Sławomir Kryjom dla SportoweFakty.pl: Nie wiem po co Emil pchał się między Adriana a bandę

Zdaniem menedżera Unibaksu Toruń w siódmym biegu błąd popełnił Emil Sajfutdinow, który starał się wyprzedzić Adriana Miedzińskiego. - Nie było miejsca, by koło wsadzić - stwierdził Sławomir Kryjom.

Robert Chruściński
Robert Chruściński

Toruńskie Anioły po pierwszym półfinale ENEA Ekstraligi są bliżej walki o złote medale DMP. Mimo wygranej na MotoArenie, menedżer Unibaksu Toruń nie do końca był zadowolony z wyniku swojej ekipy. - Miała być piątka z przodu i zabrakło jednego punktu. Prowadziliśmy już czternastoma punktami i powiem szczerze, że nie powinniśmy dać sobie wydrzeć tej przewagi. W dwóch biegach głupio pogubiliśmy punkty i stąd wygrana tylko ośmioma punktami. Teraz to częstochowianie mają cały tydzień do namysłu i to oni będą żyli z bagażem ośmiu punktów. Z doświadczenia wiem, że jest to mało i dużo. Piekielnie ważny będzie początek w Częstochowie. Jeśli uda nam się od razu trafić z przełożeniami, to na pewno będzie ciekawie pod Jasną Górą - powiedział Sławomir Kryjom dla SportoweFakty.pl.
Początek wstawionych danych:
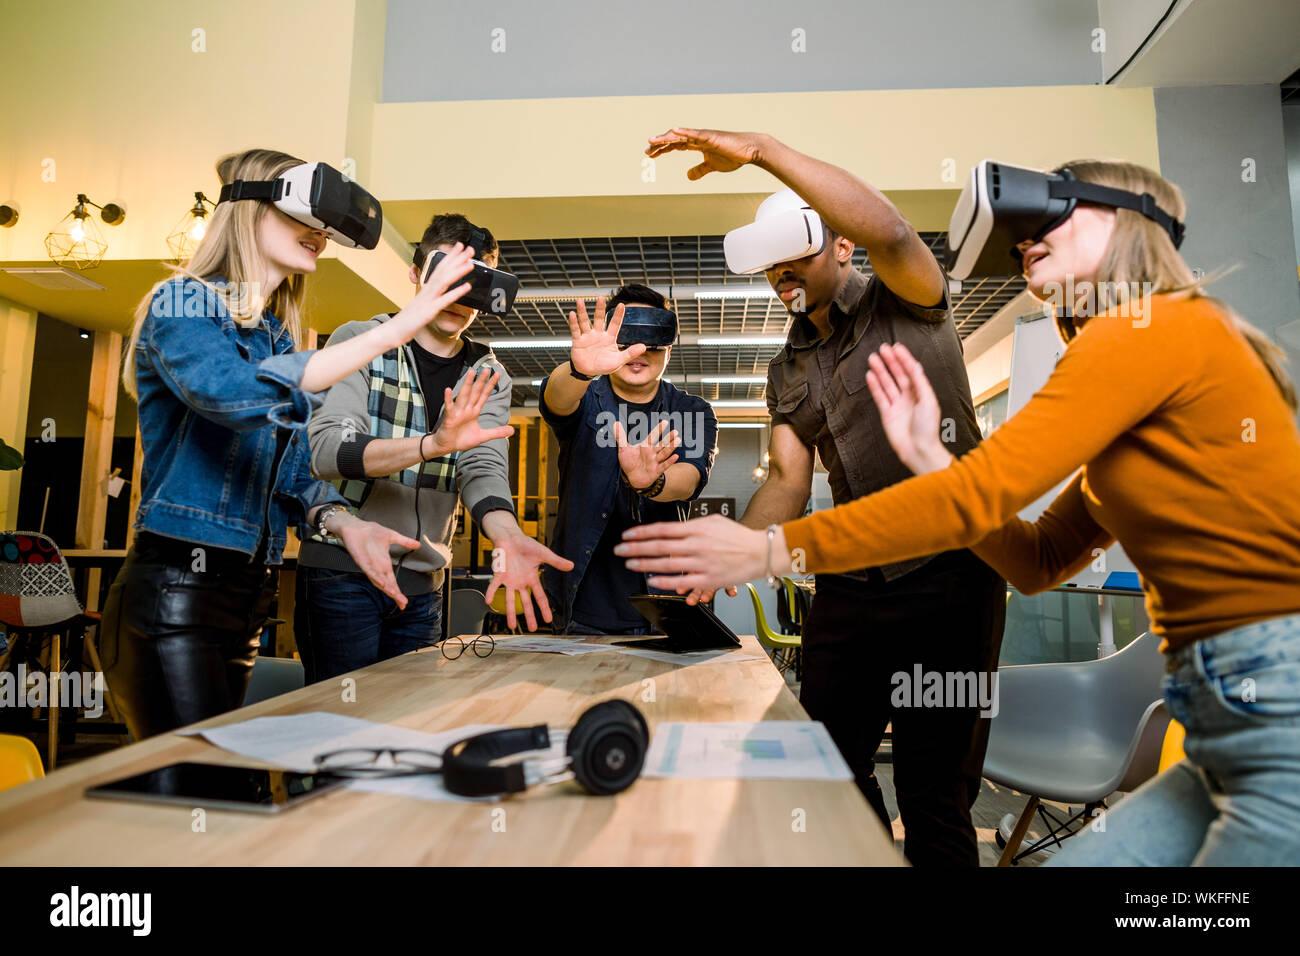 Les jeunes gens d'affaires multiraciale portant des lunettes de réalité virtuelle avec le toucher d'air au cours de la Conférence Réunion VR au bureau. Les hommes et femmes d'affaires Banque D'Images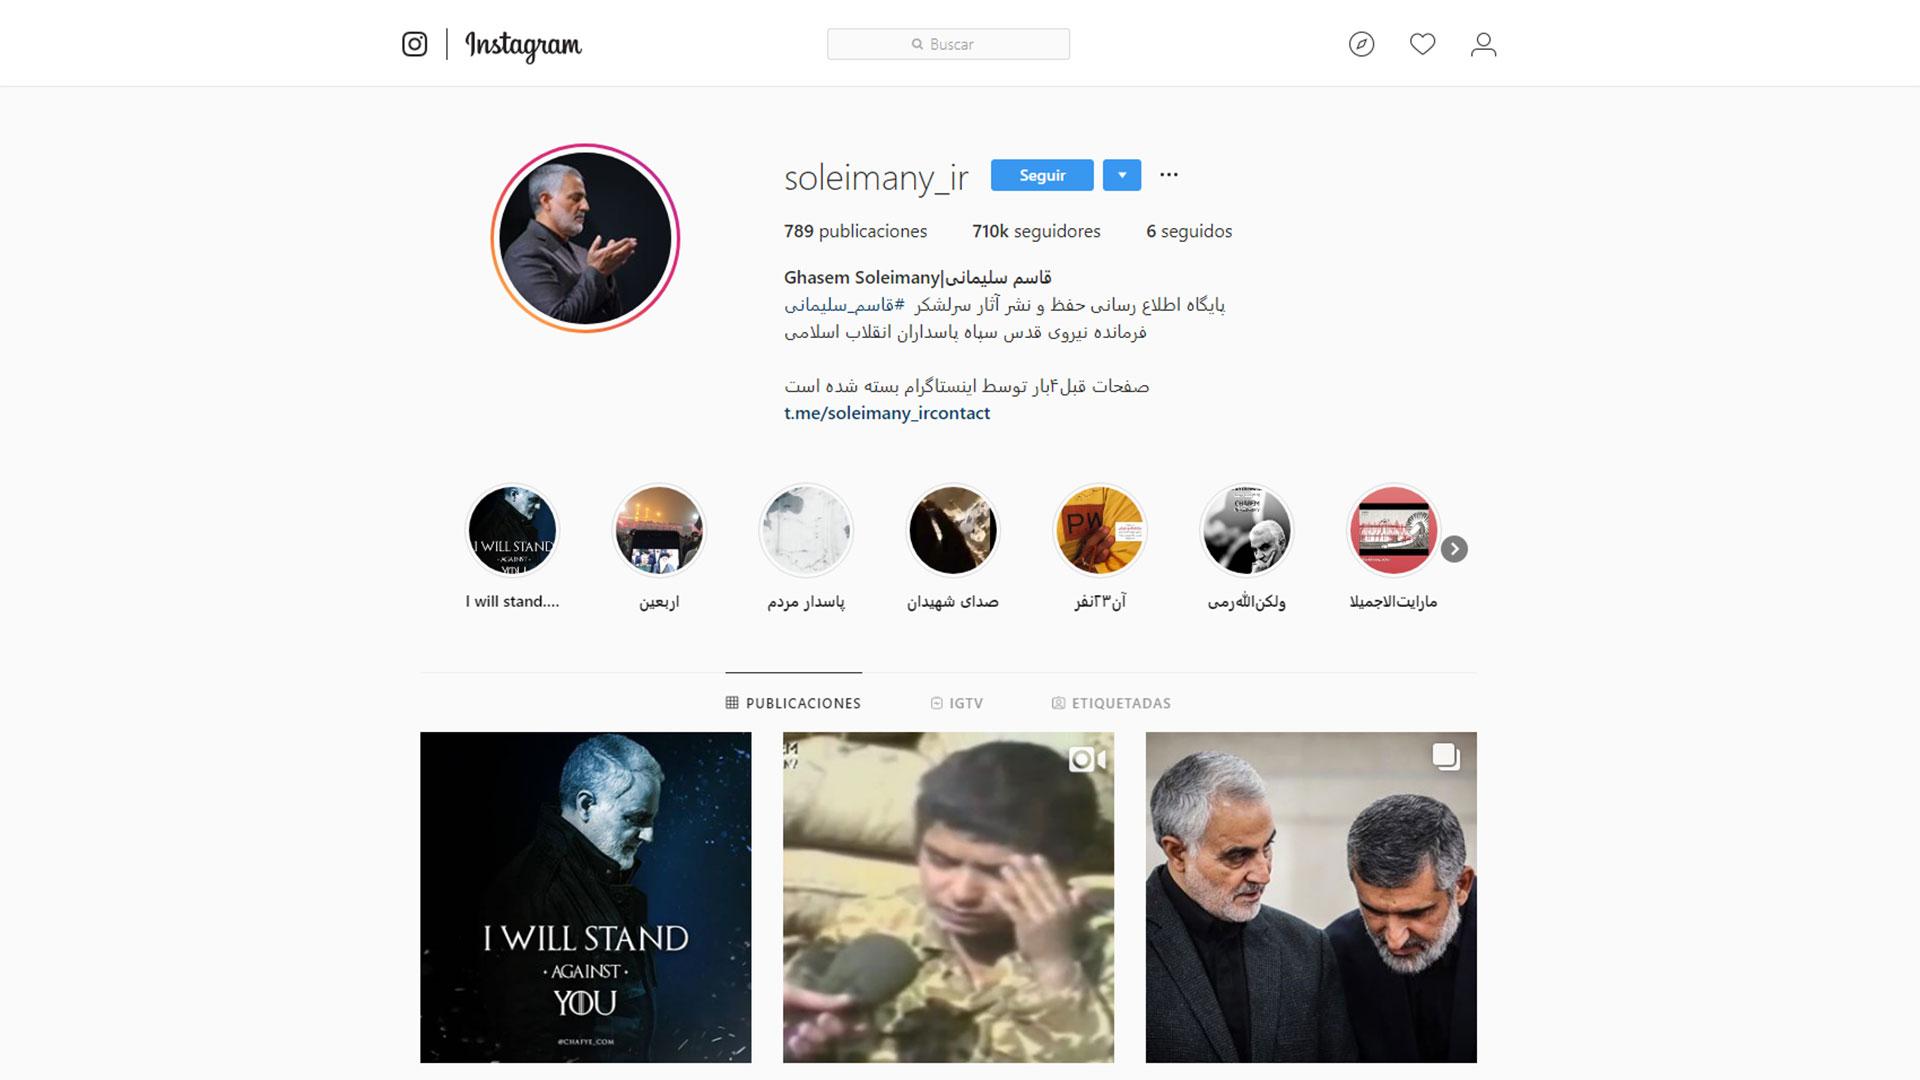 La cuenta de Instagram en la que fue publicada la respuesta de Irán

W sobotnim meczu przeciwko Dospel Włókniarzowi Częstochowa zawiódł Ryan Sullivan, który w pięciu startach zdołał wywalczyć jeden punkt. Menedżer torunian przyznał, że nie mógł zastąpić Australijczyka dobrze spisującym się Pawłem Przedpełskim. - Ryan jechał na silnikach pożyczonych od Tomka Golloba i Chrisa Holdera. Widać było, że w tym meczu nie pasowało mu. Nie uważam, że jego silniki były wolne, czy źle dopasowane, po prostu nie da się pewnych rzeczy oszukać i widać u niego dziesięć miesięcy przerwy. Ryan z konieczności musiał odjechać pięć biegów, ponieważ najprawdopodobniej Kamil Brzozowski doznał kontuzji śródręcza i przez to rezerwy były wystawiane za niego. W powtórzonym biegu Brzózka resztkami sił dojechał do mety - przyznał Sławomir Kryjom.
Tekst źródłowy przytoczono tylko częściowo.